23 January 2011

The Breakfast Mess


This afternoon I promised Ms. Flock Advisor that I would vacuum up the bird food crumbs from the couch and coffee table. The mess was a result of today's enrichment idea for Lennon and Cher, Kenobi also barged in.

As I've posted on this blog before, enrichment is something we try to weave into the lives of our flockmates as often as possible. Usually it is in the form of playtime, or a result of "will the birds eat this?" Parrots are natural problem solvers, and so it is vital that they be presented with unexpected scenarios as often as possible to keep their bird brains occupied with something other than chewing on the drywall.

Today my thought was to give Cher her breakfast on the playstand, which has two food cups mounted on it, in the living room where I was reading by the light of a beaming winter sun. As I prepared her feast I could hear that Lennon was very vocal this morning. His little whistles bounded through four or five of his favorite tunes. I decided he should not miss out on the unconventional breakfast, and laid out some pellets for him over a paper towel on the coffee table.

Cher climbed around the branches of her playstand carrying food pellets over to the water dish for a dip before grinding them to bits with her beak for consumption, balancing on one foot while clutching the food pellet in the other.
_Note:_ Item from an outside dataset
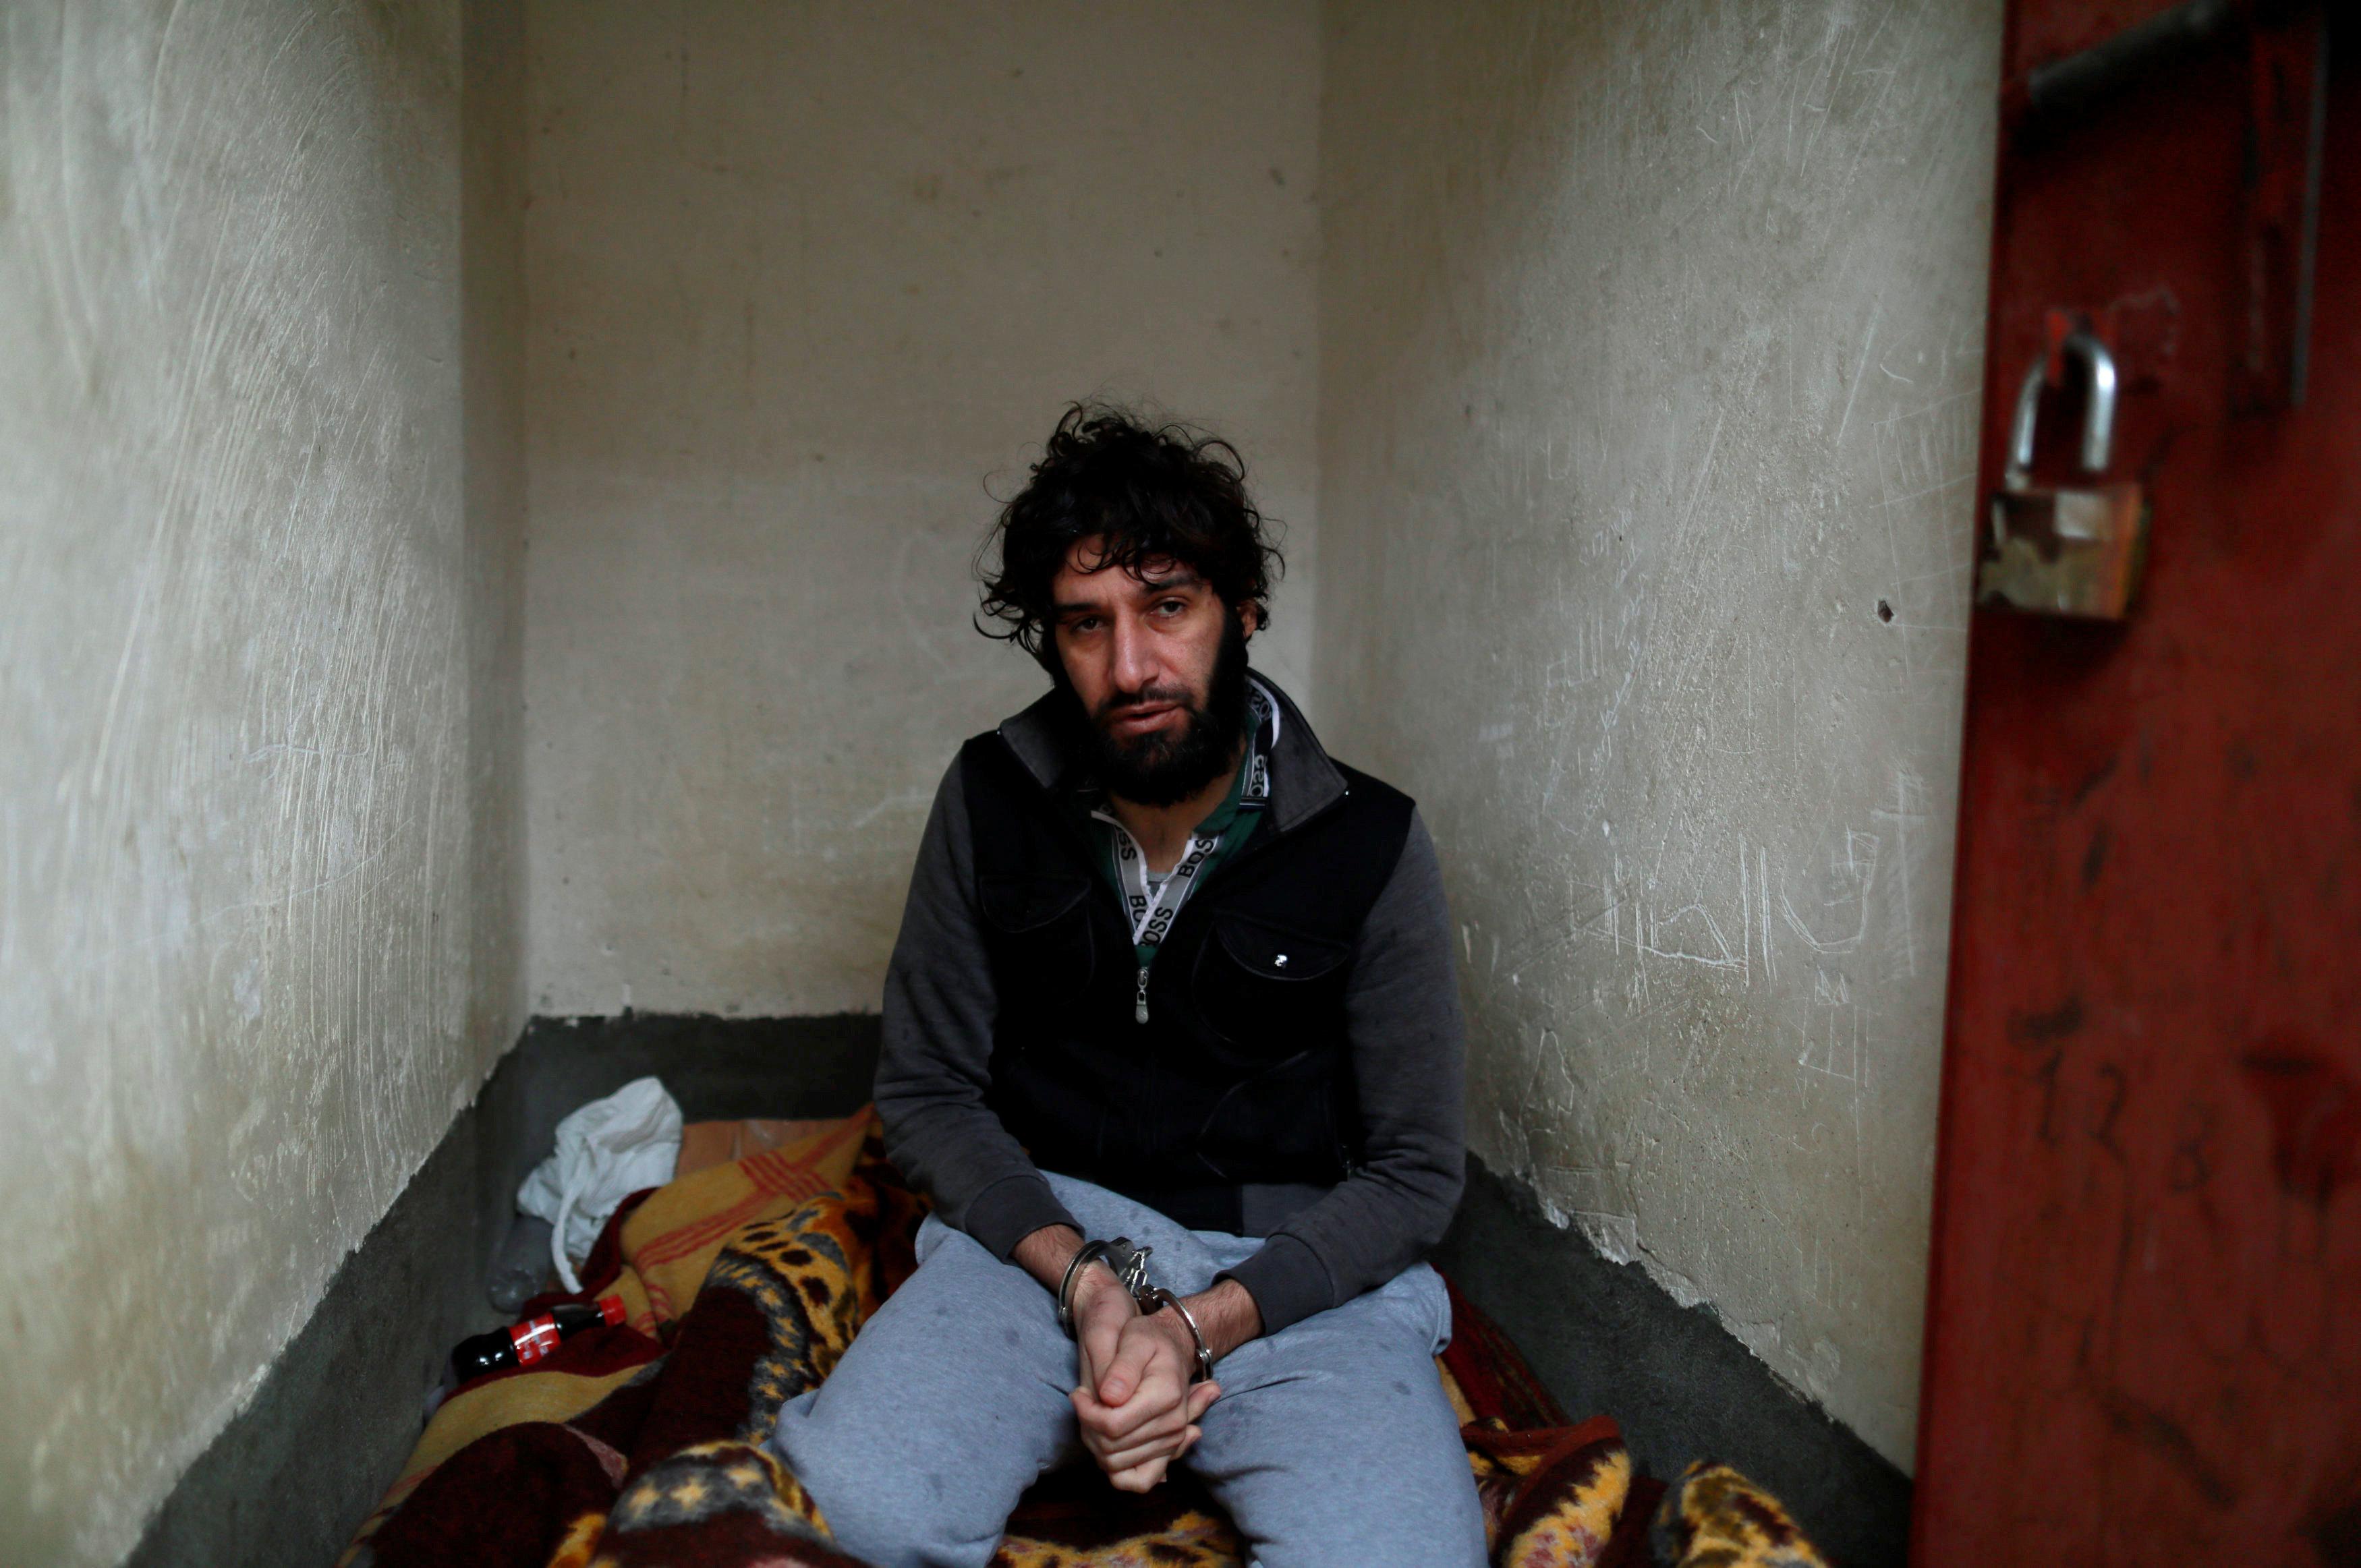 دواعش في سجون العراق (4)

She was eating in the way that conures do: in a tree, climbing with feet and beak while managing to hold onto a morsel at the same time. It is fun to watch her use her beak to climb while also holding a food pellet or two in it. She was of course on the lookout for soaring predators through the window and let out a few shrieks in response to an ominous profile, followed by laps around the room on the wing. Predatory threat is about all that can cause her to drop her food pellets while eating.
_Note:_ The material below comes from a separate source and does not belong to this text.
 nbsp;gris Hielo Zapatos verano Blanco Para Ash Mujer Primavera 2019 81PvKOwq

Lennon was content to do what cockatiels do: forage for his delicacies on a nice flat surface. With his enormous toes stretched wide he stomped around the table grabbing a pellet at a time and crunching it in his beak. Each crunch showered minuscule bits of food all around him, and is what led to my cleanup promise to Ms. Flock Advisor this afternoon.
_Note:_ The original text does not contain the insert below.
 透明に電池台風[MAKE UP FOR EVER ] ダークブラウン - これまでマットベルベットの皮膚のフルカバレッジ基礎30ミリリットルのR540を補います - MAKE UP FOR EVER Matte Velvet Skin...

After they had finished feasting both took a nap. These two birds don't normally interact with each other directly, but they are still a part of the same flock. It was funny to see them feeding off of each others behavior. Lennon could eat a house, I watch Coconut try to keep up with him in the mornings when they are normally fed side by side. Lennon can go on and on, and I will see Coconut just dipping his head in the dish and flinging pellets around. Cher, however, hardly seems to eat at all. She called it quits after about three pellets this morning and went into some preening before nodding off. Shielded by my book, I quietly observed as Lennon took notice of Cher and followed suit. He backed away from his pile of food, and retracted a foot while drifting off to sleep.

While the place was still quiet, with the feathered buddies taking their after-meal naps, I got up to refill my coffee cup. I came back to find that Cher had been stirred awake and Lennon had decided he had not got enough to eat after all. He was back to crunching his pepper-flavored pellets, and a hungry bunny had joined him on the adjacent couch. Kenobi decided to enrich his own diet with the volume of Vonnegut I had been pushing through all morning. He tried to carry it off when I reached for it, but the paperback proved too awkward for his little mouth and short front legs. If he had a set of thumbs, our library would be much less of a burden in the next move.